Furthermore, when the optical switch 20 is an optical cross-connect, there is a possibility that paths corresponding to the number of transmission line wavelengths simultaneously perform switchover operations (or establishment operations), thereby increasing the possibility of the crosstalk C occurrence.
FIGS. 19A-19C show that the crosstalk from the input movable mirror 24 adjoining the input movable mirror 24 is the largest.
In FIG. 19A, the path P1 through the movable mirrors 24_1 and 25_1 is established between the input optical fiber 22_1 and the output optical fiber 27_1, while the path P2 through the movable mirrors 24_2 and 25_2 is established between the input optical fiber 22_2 and the output optical fiber 27_2.
In FIG. 19B, when the path P1 is switched over to the path P3 (see FIG. 19C) between the input optical fiber 22_1 and the output optical fiber 27_3, the optical signal from the input optical fiber 22_1 is deflected at the output movable mirror 25_2, during the switchover, to be outputted to the output optical fiber 27_2 as a crosstalk light.
As for the crosstalk light, the crosstalk of the optical signal deflected from the input movable mirror 24_1 (or 24_3) adjoining the input movable mirror 24_2 becomes the largest. This is because the angle difference between the signal light and the crosstalk light becomes minimum.
In case such a crosstalk upon a switchover (or establishment) occurs at the optical signal on the output optical fiber (output port) side, the above-mentioned crosstalk shutdown apparatus can not shut down or intercept the crosstalk.
It is accordingly an object of the present invention to provide an optical switch comprising a plurality of input ports and output ports, performing a path establishment between the input ports and the output ports, and reducing a crosstalk which occurs upon the path establishment or a path switchover.

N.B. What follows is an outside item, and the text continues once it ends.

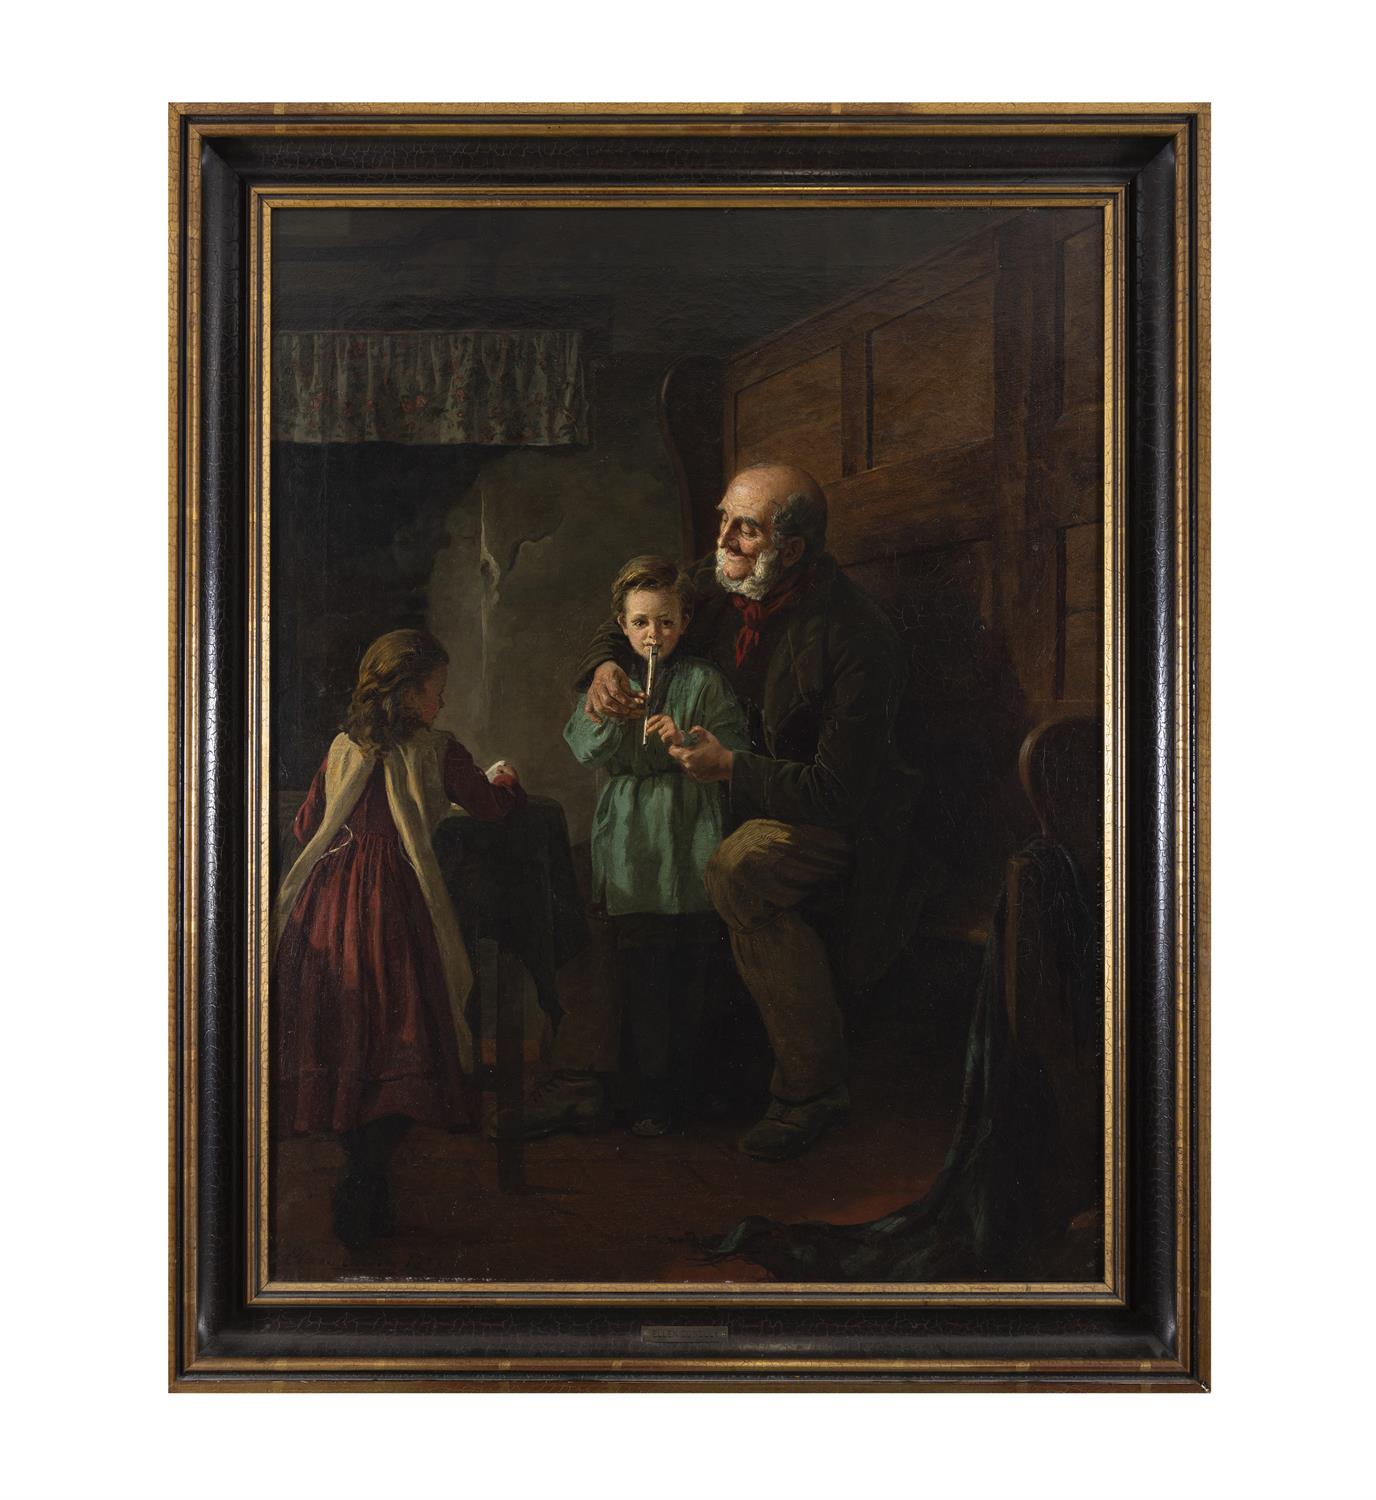 ELLEN CONOLLY RA (FL. 1873-85) A Music Lesson Oil on canvas, 89.5 x 69.5cm (35¼ x 27¼") Signed - Image 2 of 5

In order to achieve the above-mentioned object, an optical switch of the present invention comprises: a plurality of input ports, a plurality of output ports, and interception means for intercepting an optical signal at a preceding stage of the input ports during a path switchover.
Namely, in case of a path establishment, a path switchover, a connection switchover upon a fault, and the like for example, an optical switch performs a path switchover so that optical signals inputted from input ports may be outputted to any of output ports.
Interception means intercept the optical signal inputted to the optical switch during the path switchover, i.e. from the start of the path switchover to the end thereof Thus, during the path switchover, a crosstalk caused by the optical signal does not occur within the optical switch.
As the interception means, an optical switch element provided between the optical switch and a light source of the optical signal may be used.
Also, as the interception means, an optical amplifier provided between the optical switch and a light source of the optical signal may be used and by decreasing a gain of the optical amplifier, for example, during the path switchover, the optical signal may be intercepted.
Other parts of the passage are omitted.